Privacy Lead/ Certified Information Privacy Professional (CIPP/G)

Direct Permanent Hire

Partial Remote/Washington DC

Onsite 2-3 days per week

Clearance: Must be U.S. Citizen / Public Trust

$120k Plus benefits Package

Privacy - Lead:

• Possess the abilities, knowledge, skills, tasks, and capabilities described in the Work Roles for Security Control Assessors (SP-RSK-002) and Privacy Officers/Privacy Compliance Managers (OV-LGA-002) outlined in the Attachment J-2, NICE Work Role Framework.

• 8-10 years of experience in Privacy, Policy, and Data Governs and certification in Certified Information Security Manager (CISM) and Certified Information Privacy Professional/Government (CIPP/G);

• Hold the Certified Information Privacy Professional (CIPP/G) for Government certification in order to assist the USCB with its compliance and risk mitigation practices.

• Bachelor’s Degree is Required

  The scope will include the following task areas and objectives:

• Prepare documents such as Privacy Impact Assessments (PIAs), System of Records Notices (SORNs), Privacy-related policies and directives, Privacy Act Statements, Privacy Notices, or privacy-related documents and ensure they meet Bureau standards prior to publication.

• Support the privacy continuous monitoring strategy by conducting regularly scheduled reviews of PIAs and SORNs, policies, program plans, and other privacy documents, as required.

• Assist with implementation of National Institute of Standards and Technology (NIST) Special Publication (SP) 800-53, Rev. 5 (Rev 5) controls, to include developing new or revised policies, procedures, and other privacy artifacts to align with the Rev 5 controls and additional supplemental guidance, as necessary.

• Conduct privacy analysis on the application of Rev 5 controls to provide privacy artifacts for submission into the Security Implementation Plan as part of the authority to operate (ATO) for IT systems and review other related artifacts.

• Provide support in the creation and maintenance of privacy policies, directives, standard operating procedures (SOPs), and other documentation relevant to the operations of the Privacy Program to ensure they are up-to-date and address existing and/or new requirements, standards, audits, or assessment findings, or best practices.

• Provide privacy analysis on Bureau policies to identify and address privacy implications.

• Review and provide recommendations on pertinent developments in federal privacy policy to determine impacts to the Bureau and the Privacy Program.

• Develop and maintain a Privacy Program dashboard and tracker to document, monitor, manage, and provide metrics on ongoing projects, initiatives, and tasks to ensure projects are on track and deadlines are met. Generate periodic status reports on ongoing efforts.

• Organize and maintain office records and documentation.

• Provide support on privacy initiatives or requirements and perform privacy analysis on research studies and projects, information technology systems and applications, data intakes, and other critical business operations to identify privacy implications or risks and propose mitigation strategies.
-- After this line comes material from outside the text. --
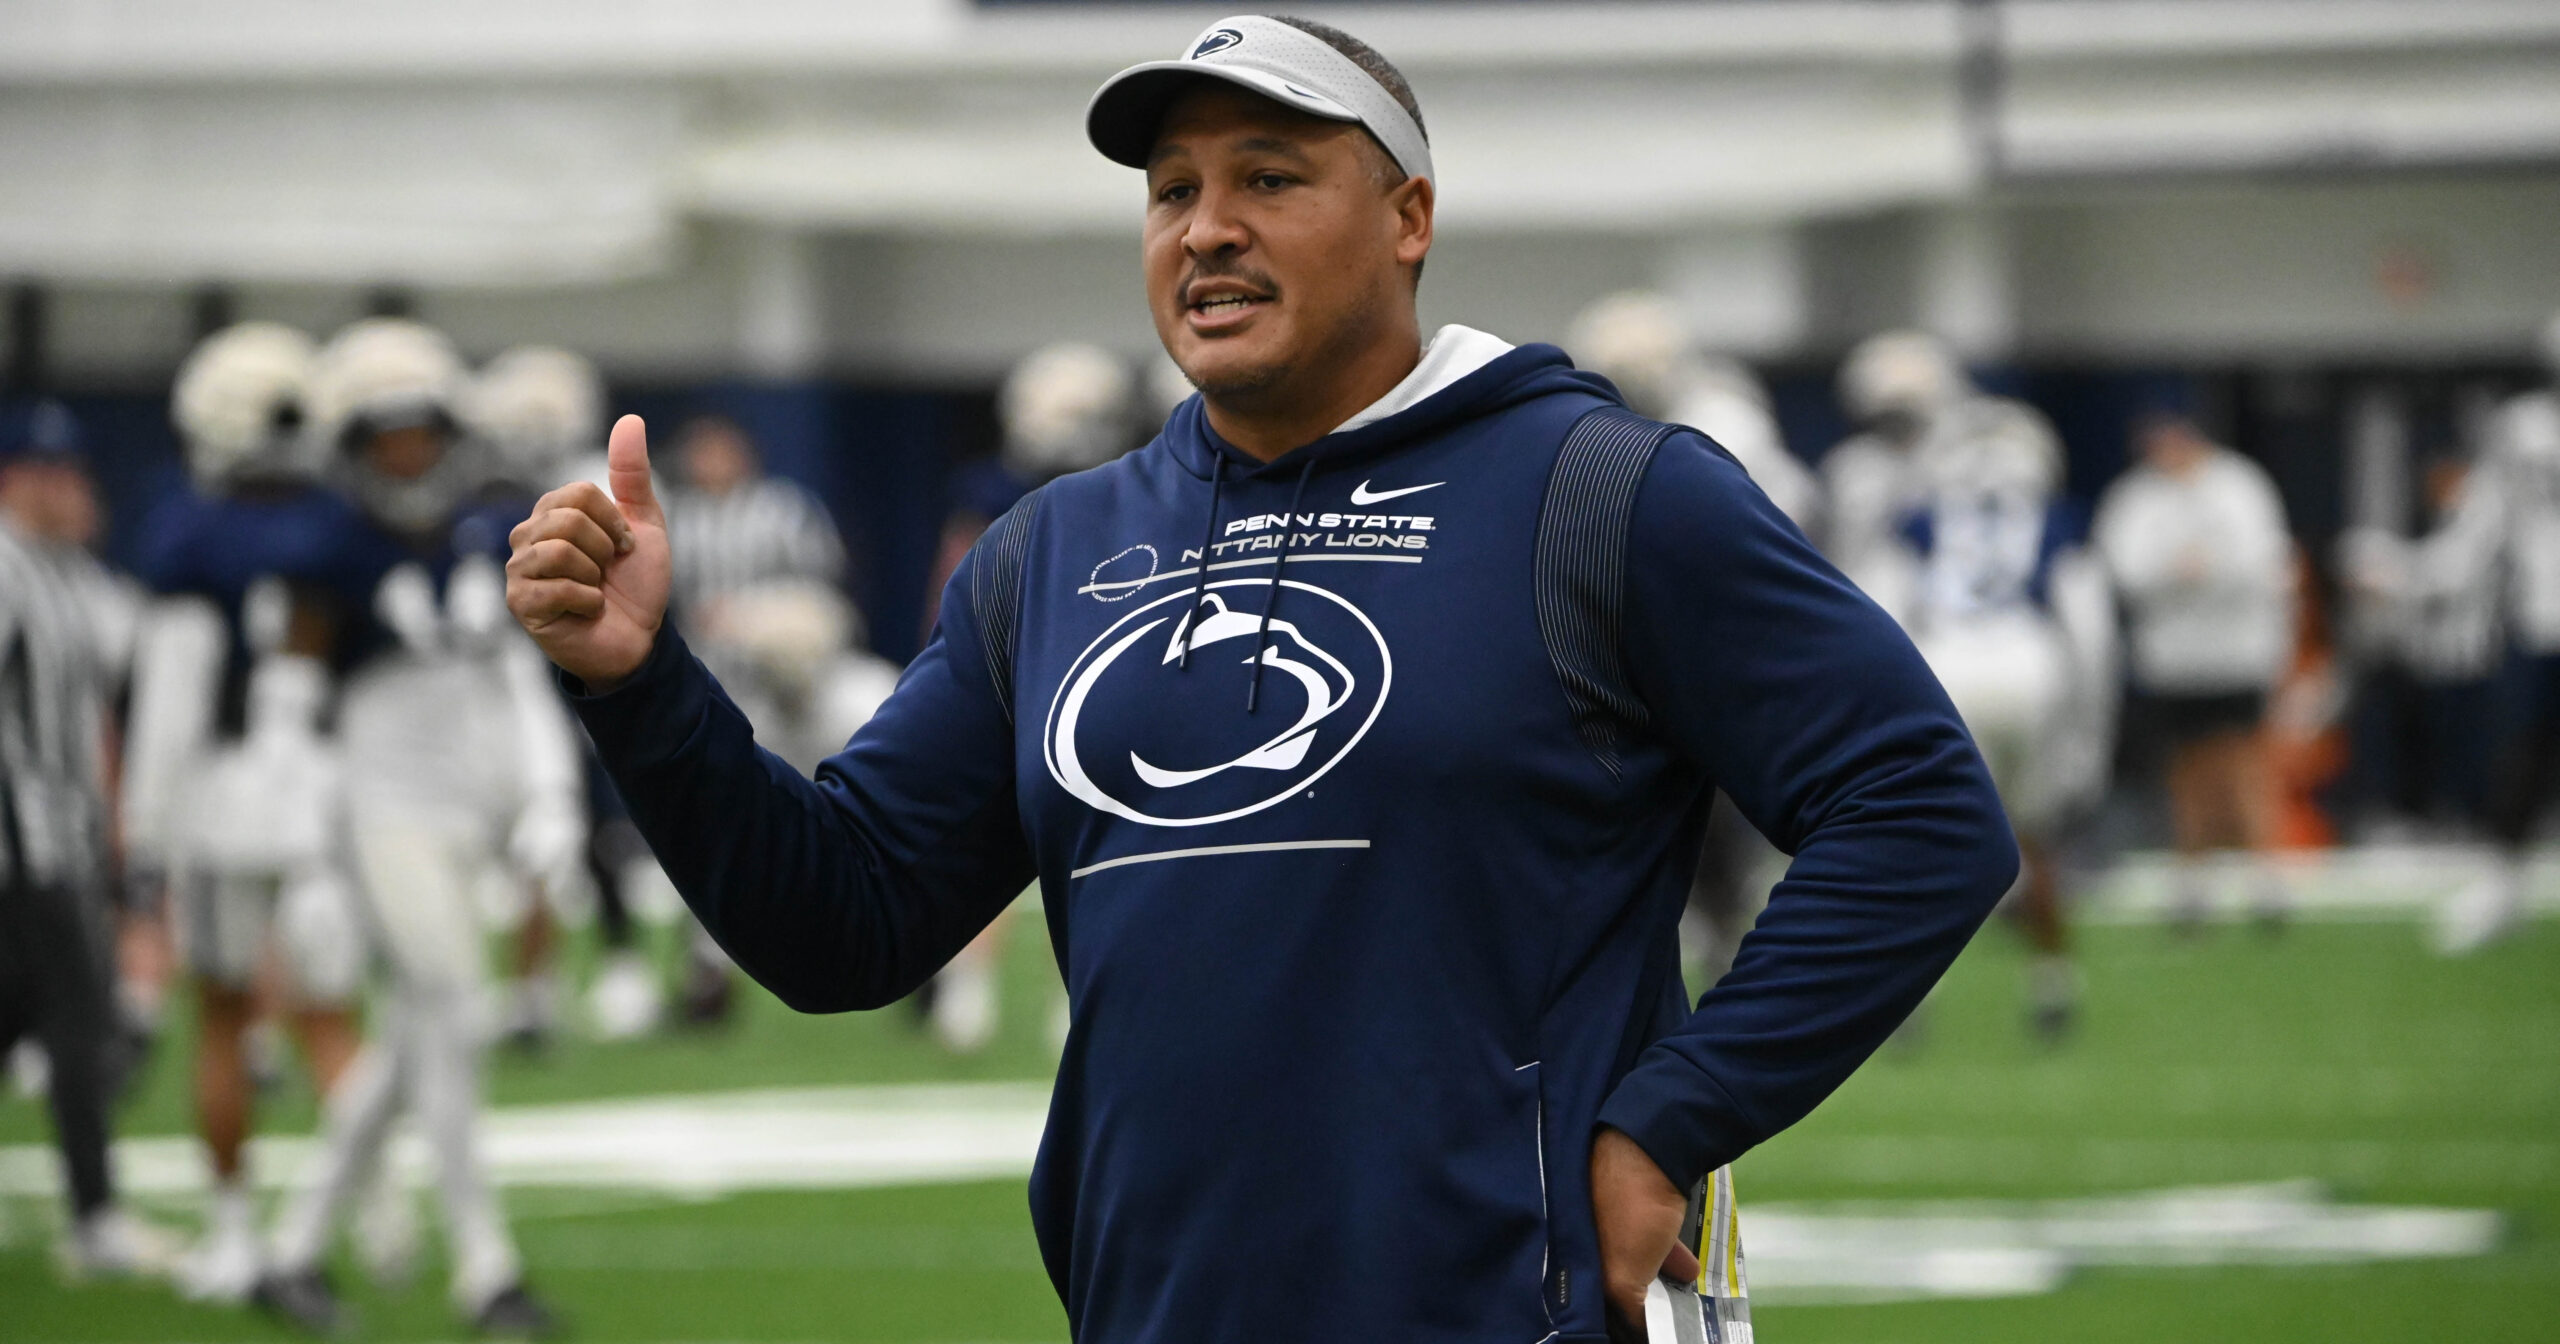 Penn State running backs coach Ja'Juan Seider

This includes, but is not limited to work on breaches, audits, rulemakings, data disclosure, analysis of structured and unstructured data sets, etc., and other tasks as necessary.

  Subject Matter Expert III - A minimum of 3 years of demonstrable experience working in federal privacy compliance and operations and a bachelor’s degree.
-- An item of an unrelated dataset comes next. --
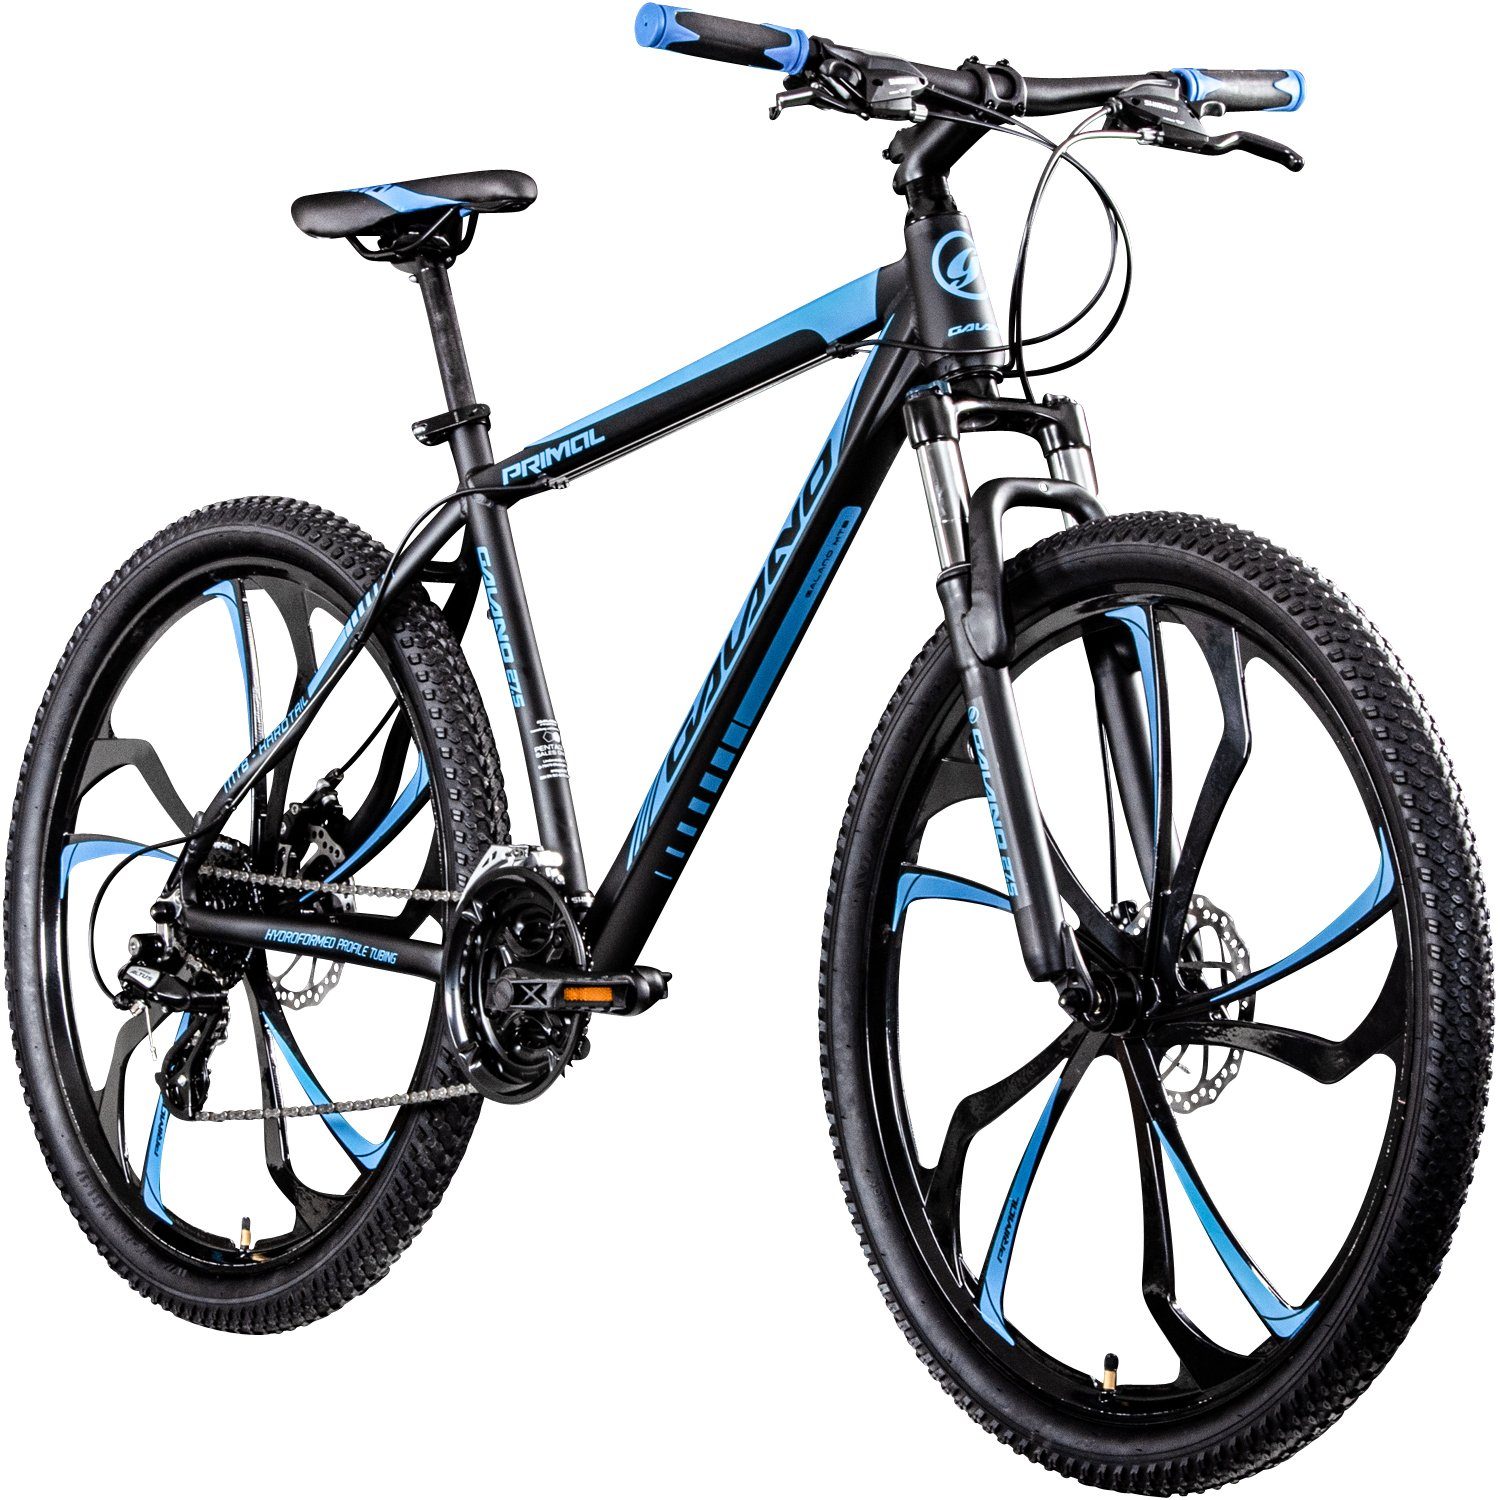 Galano Mountainbike Primal, 24 Gang, Kettenschaltung, Mountainbike Jugendliche und Erwachsene 165-185cm MTB Hardtail Fahrrad schwarz/blau | Mountainbikes

  Demonstrated experience should include a researching, coordinating, and developing narrative style privacy compliance documentation such as Privacy Impact Assessments (PIAs), System of Records Notices (SORNs), Privacy-related policies and directives, Privacy Act Statements, and Privacy Notices, implementing NIST National Institute of Standards and Technology (NIST) Special Publication (SP) 800-53, Rev. 5 (Rev 5); analyzing privacy risk and providing recommendations related to the disclosure of data, structured and unstructured data sets, disclosure techniques, similar existing data releases, and risk profiles.

System One, and its subsidiaries including Joulé, ALTA IT Services, CM Access, TPGS, and MOUNTAIN, LTD., are leaders in delivering workforce solutions and integrated services across North America. We help clients get work done more efficiently and economically, without compromising quality. System One not only serves as a valued partner for our clients, but we offer eligible full-time employees health and welfare benefits coverage options including medical, dental, vision, spending accounts, life insurance, voluntary plans, as well as participation in a 401(k) plan.

System One is an Equal Opportunity Employer. All qualified applicants will receive consideration for employment without regard to race, color, religion, sex (including pregnancy, childbirth, or related medical conditions), sexual orientation, gender identity, age, national origin, disability, family care or medical leave status, genetic information, veteran status, marital status, or any other characteristic protected by applicable federal, state, or local law.